O diagnóstico pode até ser correto, o que depende da avaliação de cada um, mas ao divulgá-lo Lula fez um movimento no mínimo temerário em termos eleitorais, por encomendar um desgaste sem ser provocado. Segundo as pesquisas, o petista tem ampla vantagem sobre Bolsonaro entre quem tem renda mensal de até dois salários mínimos: 56% a 24%, de acordo com a Quaest. Na faixa de dois a cinco salários mínimos, a diferença é bem menor, de 43% a 33%, e no topo da pirâmide há empate entre os dois candidatos. Diante de tais números, seria mais recomendável a Lula usar as mãos para afagar, e não para manusear a palmatória contra a classe média. O ex-presidente deu outras duas declarações que, de acordo com seus próprios aliados, representaram um erro do ponto de vista eleitoral. Num evento da Central Única dos Trabalhadores (CUT), ele sugeriu à militância sindical que procure parlamentares e seus familiares, inclusive em suas casas, para pressioná-los a apoiar projetos de interesse da classe trabalhadora. “Se a gente mapeasse o endereço de cada deputado e fossem cinquenta pessoas na casa, não é para xingar não, é para conversar com ele, com a mulher dele, com o filho dele, incomodar a tranquilidade dele, surte muito mais efeito do que fazer a manifestação em Brasília”, afirmou. Lula, que vive acusando Bolsonaro de ameaçar a democracia e intimidar os outros poderes, pareceu estimular uma ação orquestrada para coagir o Congresso.

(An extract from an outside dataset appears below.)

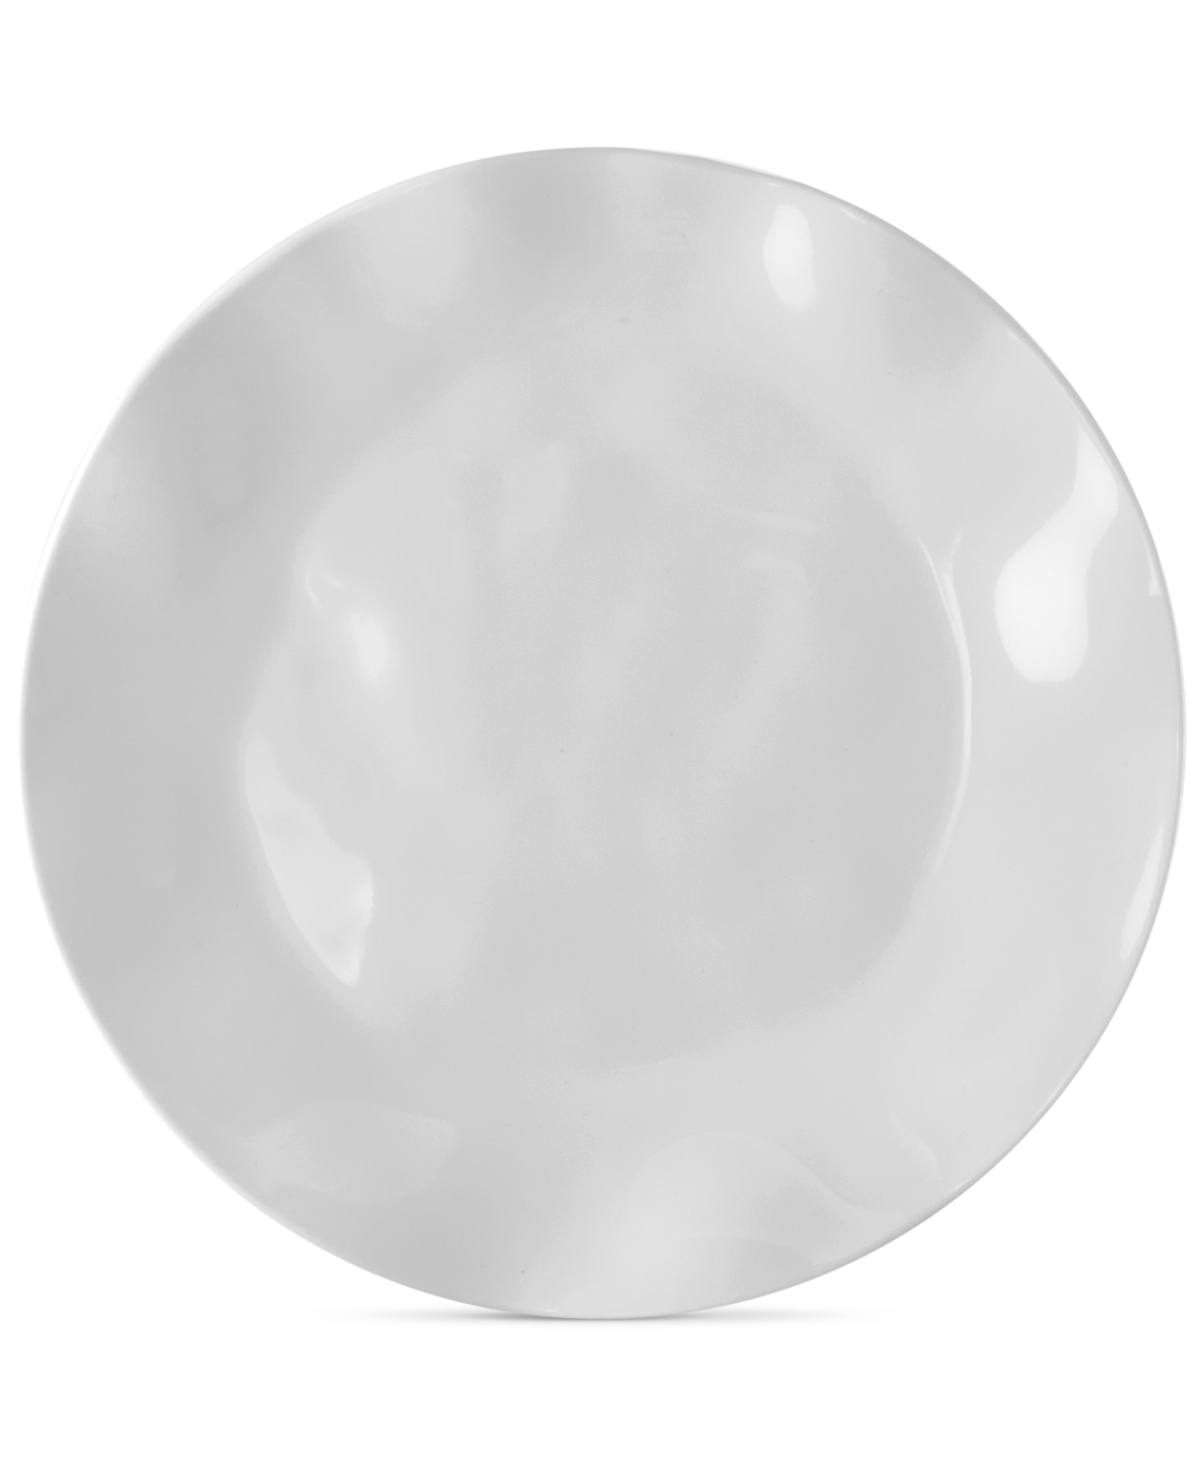 Ruffle White Melamine Dinner Plates, Set of 4 - WHITE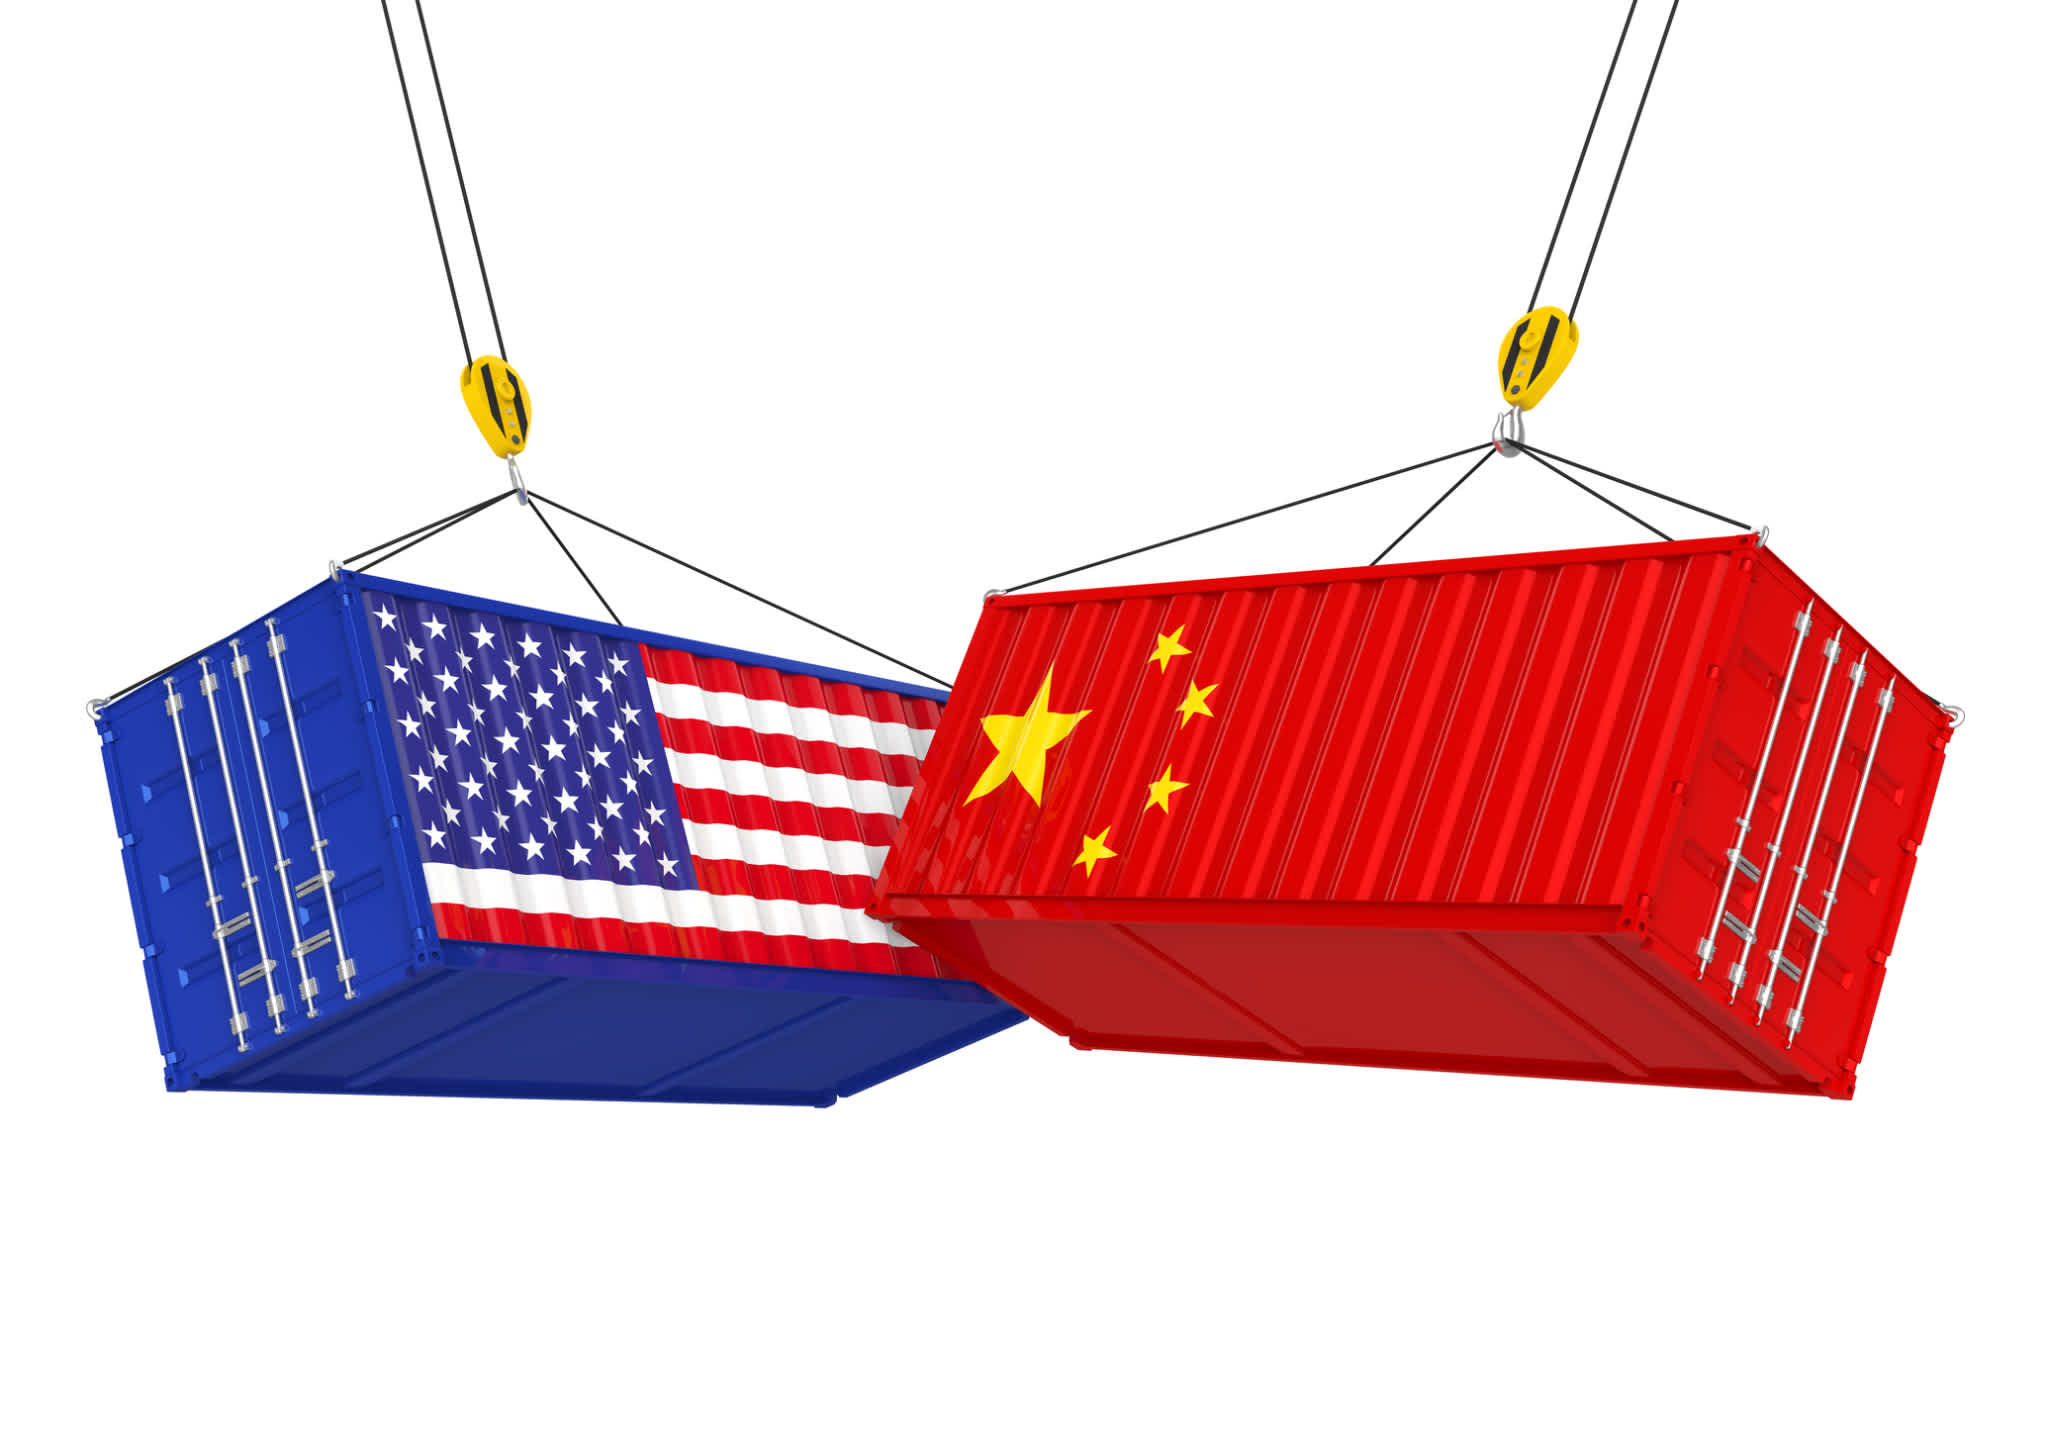 Chinese Import Tariff Impact and Analysis: Part 2

A fala foi logo compartilhada pelas milícias bolsonaristas nas redes sociais, assim como outra do ex-presidente, ainda mais explosiva, sobre o aborto. O PT considera o aborto uma questão de saúde pública e, por isso, simpatiza com a ampliação das previsões legais que permitem a prática. “No Brasil, as mulheres pobres morrem tentando fazer um aborto porque é proibido, é ilegal, quando na verdade deveria ser transformado numa questão de saúde pública, e todo mundo ter direito e não ter vergonha”, disse o ex-presidente. Neste caso, o diagnóstico está correto, mas embute um risco de desgaste desnecessário em época de pré-campanha. Petistas admitem que essa pregação — apesar de coerente com a história partidária e de servir para demarcar mais uma diferença entre Lula e Bolsonaro (o progressista contra o retrógrado, na versão do PT) — atrapalha os esforços do partido para estreitar laços com o eleitorado religioso. Eles alegam que a defesa do aborto até poderia ser feita, mas não agora, enquanto os evangélicos, por exemplo, parecem mais próximos de Bolsonaro do que do ex-presidente.
Mensurada pelas pesquisas, a recuperação do ex-capitão ocorre num momento em que estão no ar as inserções da propaganda partidária do PT, muitas delas estreladas por Lula. Enquanto o rival avança, o ex-presidente está estável e vê sua vantagem diminuir. Numa tentativa de reação, o partido divulgou nos últimos dias encontros de seus quadros com representantes do empresariado e dos bancos, segmentos que apoiaram Bolsonaro em 2018. Como em 2002, Lula quer vender a imagem de paz e amor. A dificuldade, como ocorre com seu principal adversário, é resistir à tentação de falar publicamente o que está em sua cabeça.